[Exercise details]: Everything from the line with "WDR-Ein-Tag-Live-Banner-1660x552.jpg" to the end of the data below must be returned exactly as it is, and nothing besides.

[Information shown]:
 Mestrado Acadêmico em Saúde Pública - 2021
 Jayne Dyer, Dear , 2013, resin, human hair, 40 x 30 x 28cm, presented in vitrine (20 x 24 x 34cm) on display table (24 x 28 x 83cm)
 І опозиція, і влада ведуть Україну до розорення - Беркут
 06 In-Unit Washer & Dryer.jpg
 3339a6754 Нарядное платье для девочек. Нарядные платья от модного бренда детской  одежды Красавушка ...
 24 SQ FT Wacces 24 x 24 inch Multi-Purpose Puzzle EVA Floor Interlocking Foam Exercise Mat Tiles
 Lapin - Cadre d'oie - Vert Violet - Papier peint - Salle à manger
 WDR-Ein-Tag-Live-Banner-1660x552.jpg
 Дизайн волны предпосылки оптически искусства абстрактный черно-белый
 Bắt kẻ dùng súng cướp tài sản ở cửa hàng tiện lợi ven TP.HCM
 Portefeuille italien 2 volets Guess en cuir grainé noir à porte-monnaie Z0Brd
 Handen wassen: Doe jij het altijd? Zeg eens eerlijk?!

[Finished task]:
 WDR-Ein-Tag-Live-Banner-1660x552.jpg
 Дизайн волны предпосылки оптически искусства абстрактный черно-белый
 Bắt kẻ dùng súng cướp tài sản ở cửa hàng tiện lợi ven TP.HCM
 Portefeuille italien 2 volets Guess en cuir grainé noir à porte-monnaie Z0Brd
 Handen wassen: Doe jij het altijd? Zeg eens eerlijk?!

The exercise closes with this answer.